Mutant Mayhem’s north star lay in something different than what the Spider-Verse franchise aims for. Going back to the teen spirit of the movie, the filmmakers’ goal was to mix what Rogen calls “the scribbly doodles you make in the back of your binder during class” with New York’s own storied history as the backdrop for trendy, high-contrast street photography.

“We looked at the drawings you make when you’re a teenager,” says Rowe. “Everything you learn in animation school is to simplify and unify shapes, but [as a teenager] you don’t know any of that. You’re drawing nostrils and acne. You render with care and focus, which is betrayed by the fact you have no formal training. It’s that interplay between passion and not knowing what you’re doing we tried to capture, because it felt so decidedly ‘teenage.’”

Rowe, whose film The Mitchells vs. The Machines had a similarly unbridled lo-fi look that bucked mainstream animation standards, says movies like Mutant Mayhem are indicative of a new emerging style. “It’s sketchy; it’s lumpy; it’s deconstructed. It’s a humanist style that emphasizes imperfection, while CG animation spent 30 years trying to make things photorealistic. This is steering the ship 180 degrees towards something impressionistic and not conventional.” He adds: “It’s rebellious, it’s relevant. It’s like grunge music.”

Let us not forget those beloved Ninja Turtles toys the filmmakers prized as kids. Of all the iconic franchises that pack a toy box, be it Transformers or Power Rangers, TMNT is marinated in gooeyness. “In the early ’90s, gross was an aesthetic,” says Rowe. The Ninja Turtles especially were “like molded plastic fever dreams.”

“They were so inventive… Like Michelangelo in a scuba suit had a starfish stuck to his butt. It had a huge influence on my taste, which is an appreciation and love for things that are weird and not slick and clean. It inspired me to tell stories and have a sense of humor.”

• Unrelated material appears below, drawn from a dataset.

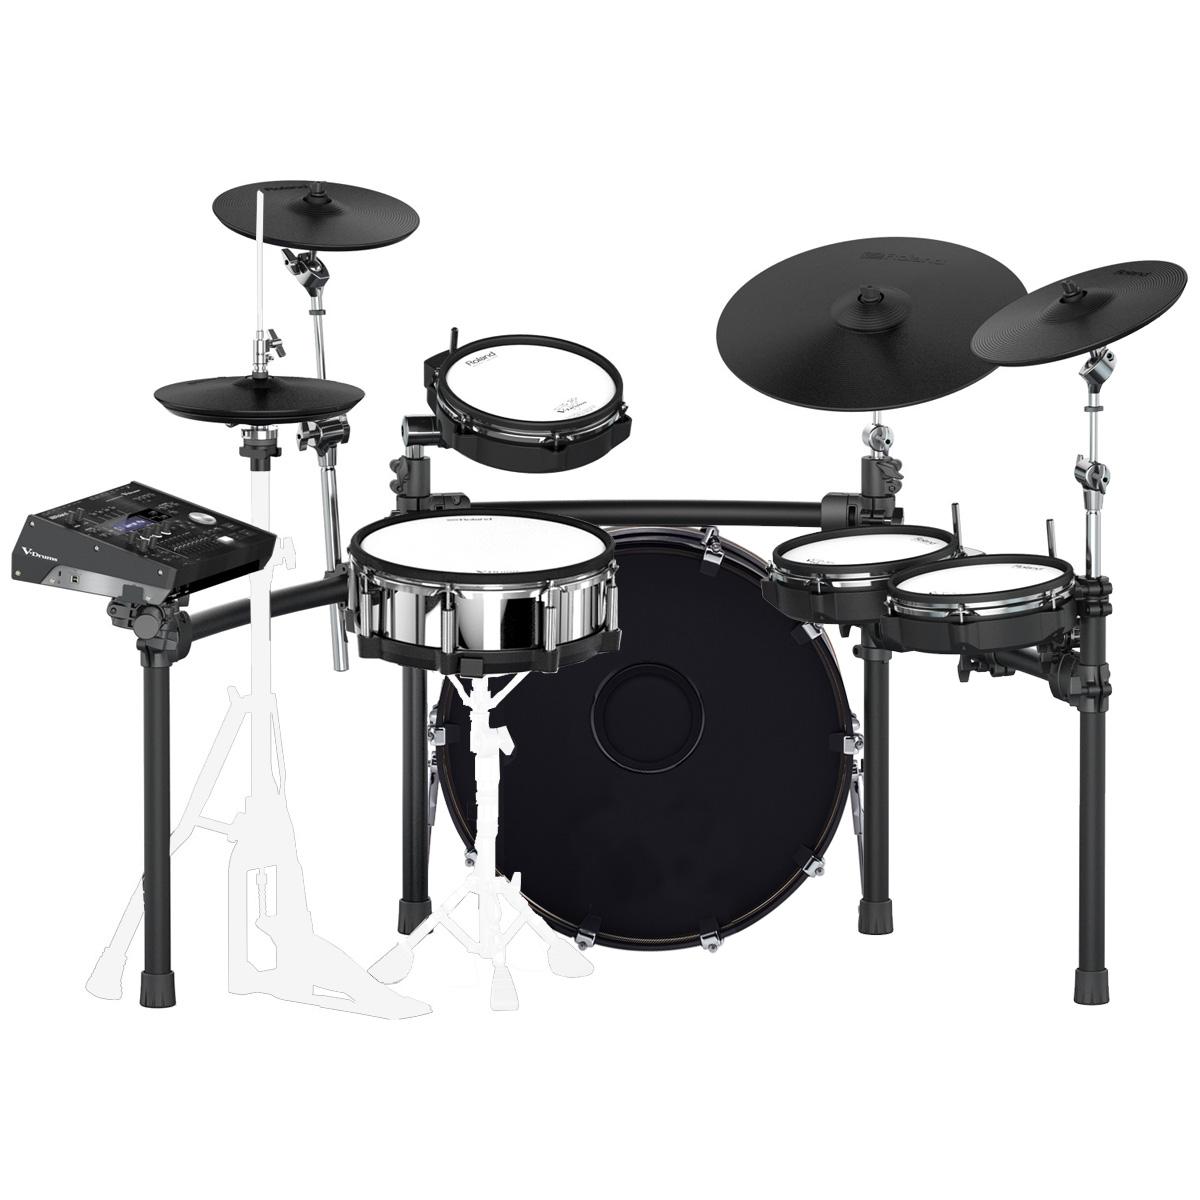 【Rolandキャッシュバック10000円対象】Roland Drum System TD-50K カスタム VH-13ハイハット KD-220 MDS-50K【YRK】

This appreciation dripped into the team’s approach to Mutant Mayhem

Seth Rogen says the filmmakers strove to keep what was drafted in the concept art. “I’ve been through this process so many times where you see the concept art and by the time you’re making the movie, it has lost all of its energy. That did not happen here,” he reveals. “It was asymmetrical and imperfect. I remember the first time seeing it dimensionalized, and it blew my mind.”